I have a new insight into Grandma Mickey. I have discovered, upon welcoming the fifth child into our family, that the ONLY way to keep things reasonably tidy (and by this I mean, "waist deep instead of neck deep") is to be in a constant mode of picking up after people. This is the first line of defense, and the only effective one. The second line of defense is to teach the children to pick up after themselves, but considering their ages and the fact that they are human beings this is a very weak strategy and only minimally lessens the havoc.
I came to this realization because we had guests last weekend, had a visit from the social worker this weekend, are having guests at the end of this weekend, and Mom is dropping by twice this week on her way to and from Ohio to visit Ella (oh, and Ben and Julie).

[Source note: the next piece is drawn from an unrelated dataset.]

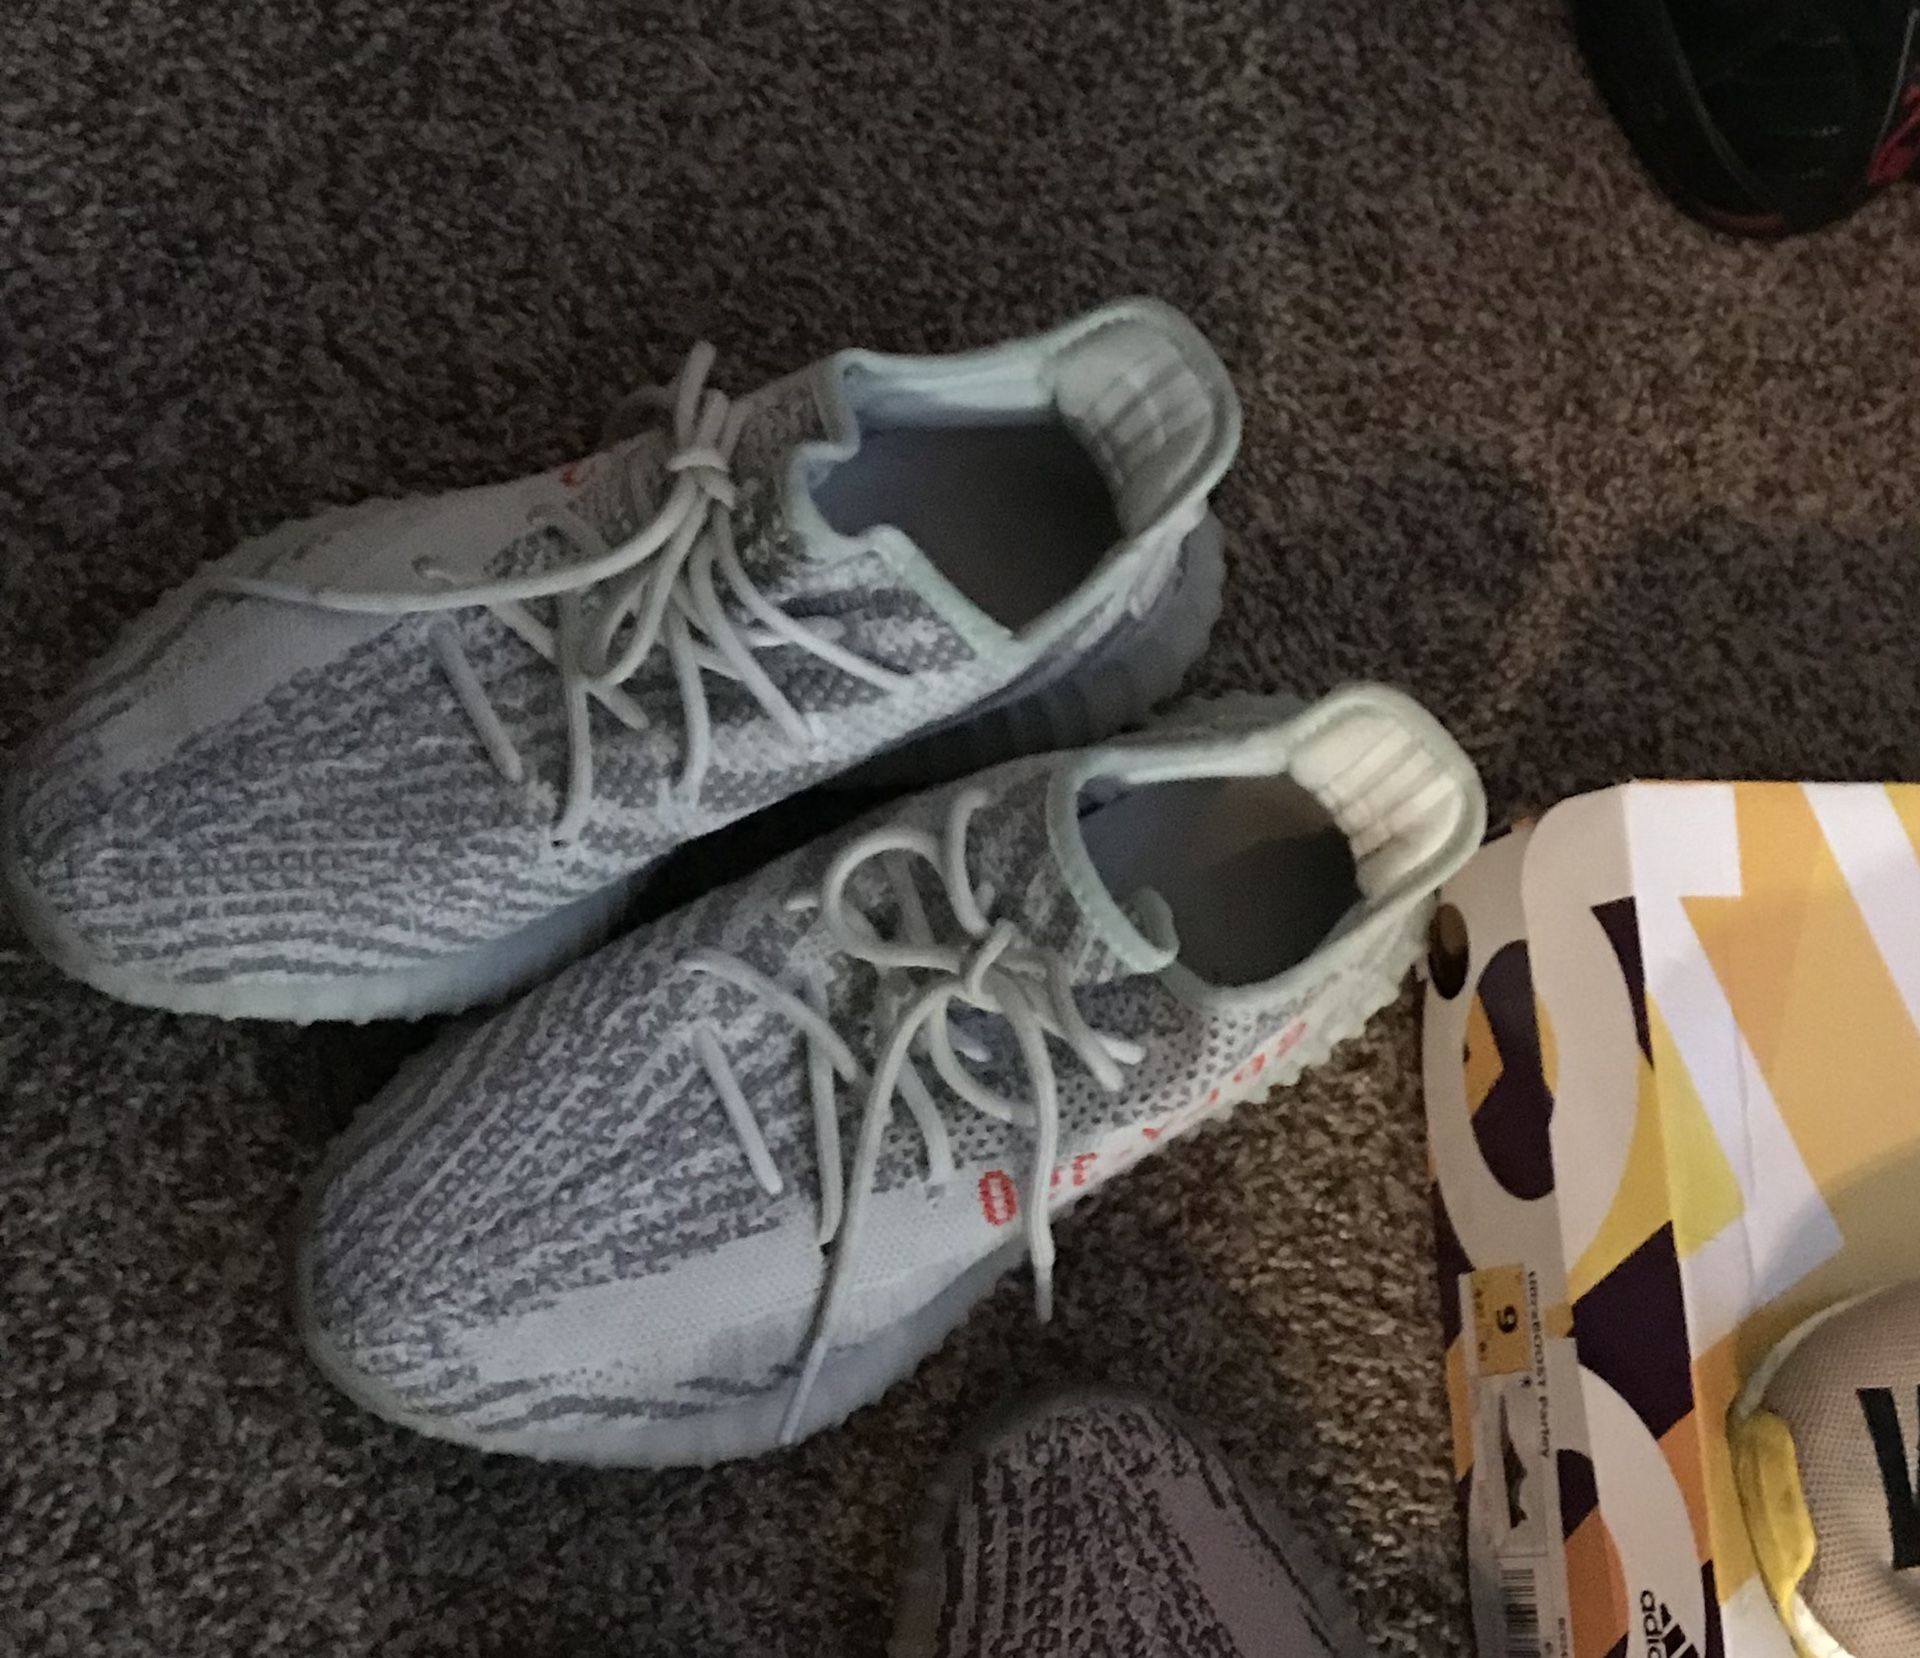 Yeezy Adidas 350 Boost V2 “Blue Tint” colorway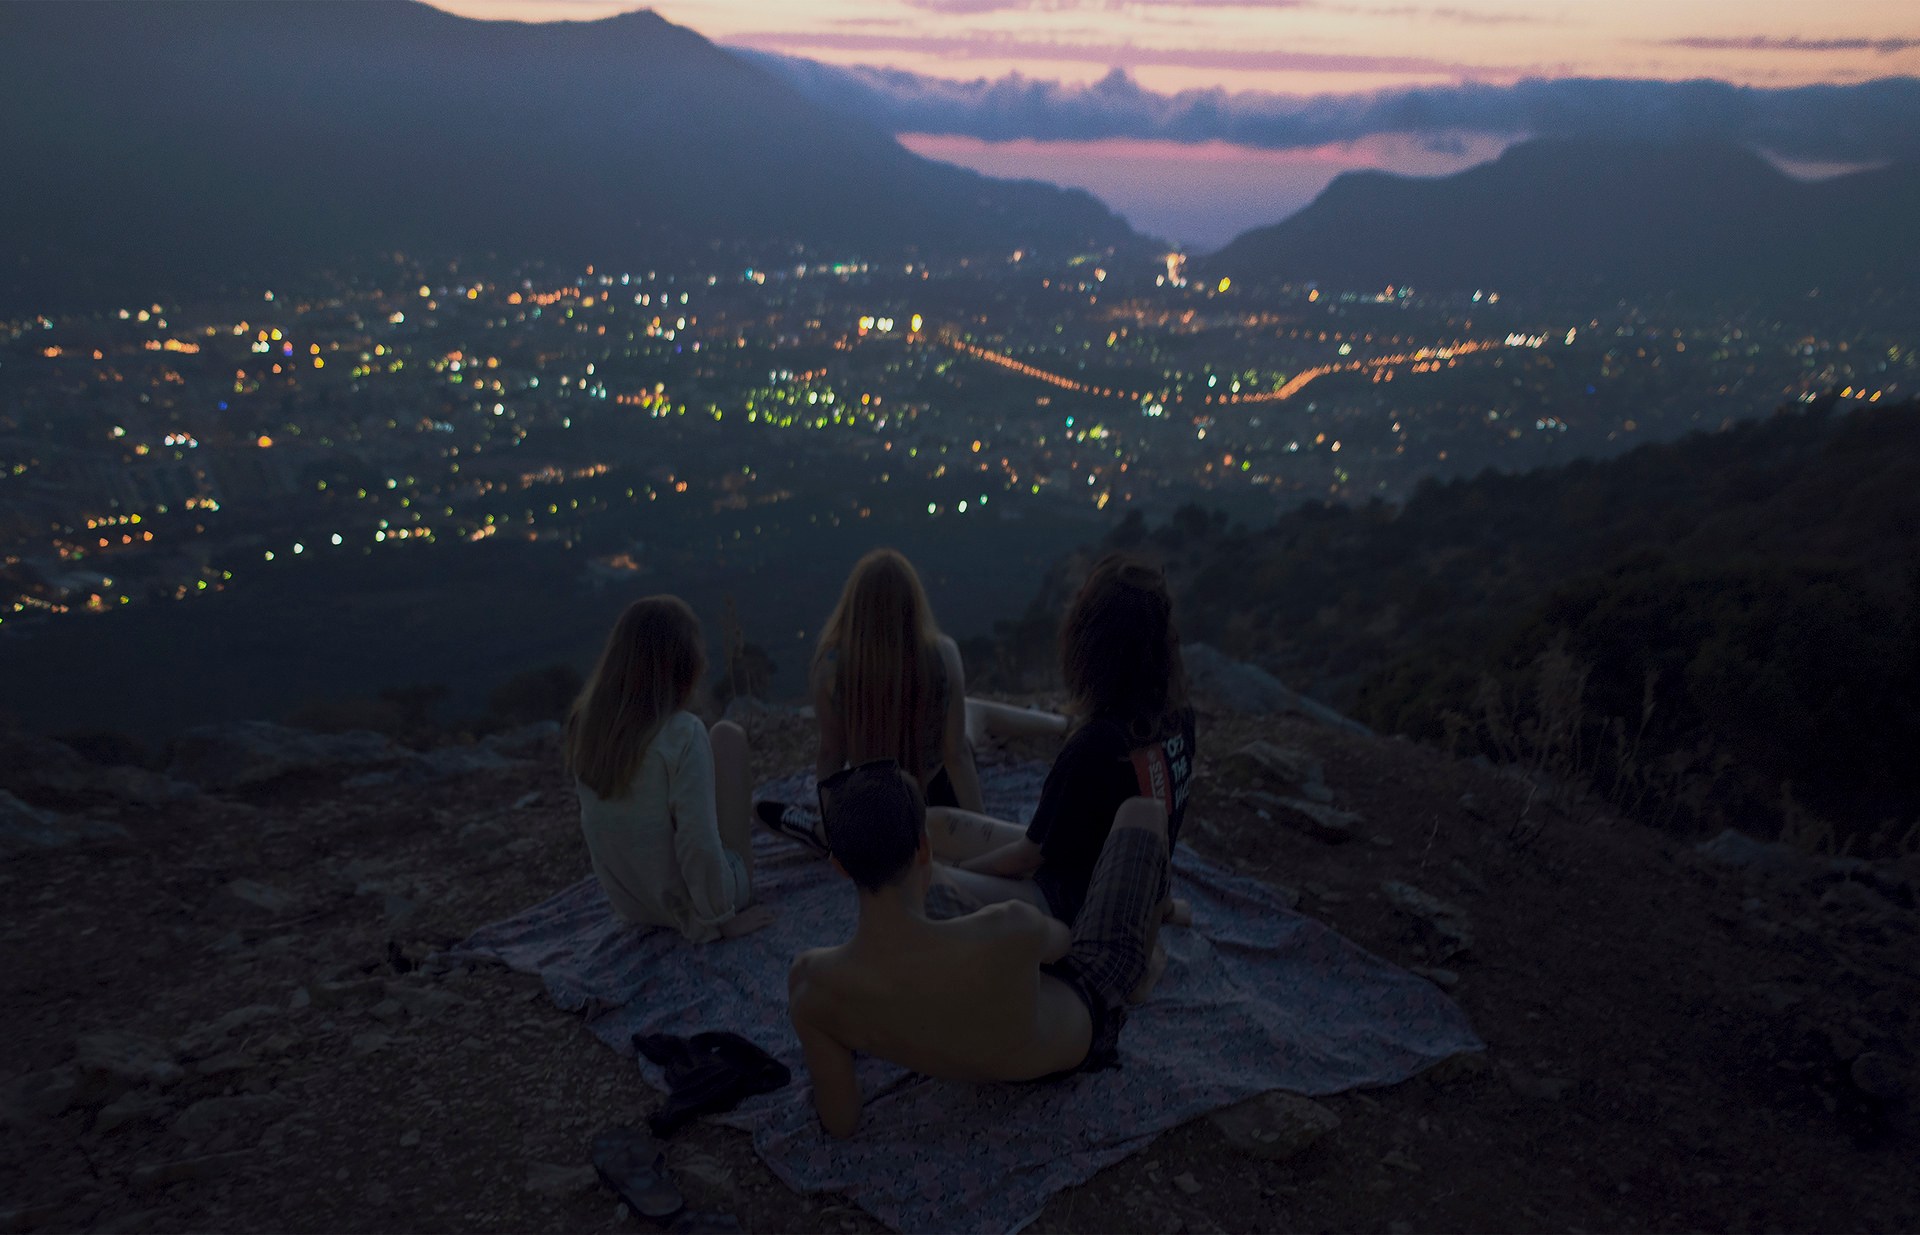 10 Signs You’re Exactly Where You Are Supposed To Be (Even If You Feel A Little Lost)

So I would like the house to be presentable. This has been on my mind for a couple of days now, so I have had an eye toward getting the house clean and keeping it that way. As I was cleaning my room today (which I have to admit is by far the messiest), I would pause every minute or so to put an errant toy in its place or call a child to come put away its underwear, etc.--and I realized that I was acting exactly like Grandma Mickey. Exactly. And that is when I realized that she also had five kids (I never really thought about it before), and at some point they must have been young, and--judging from the way they are now--she must have been picking up after them all the time, just like I have to do. Like she still does, if you have ever noticed. This gave me pause, as well it should--I do not want to be neurotic. So if you come to visit and you notice it is not as tidy around here as it might be at your house, it is because I am practicing for when my children are all grown up and have left the house and I become normal again.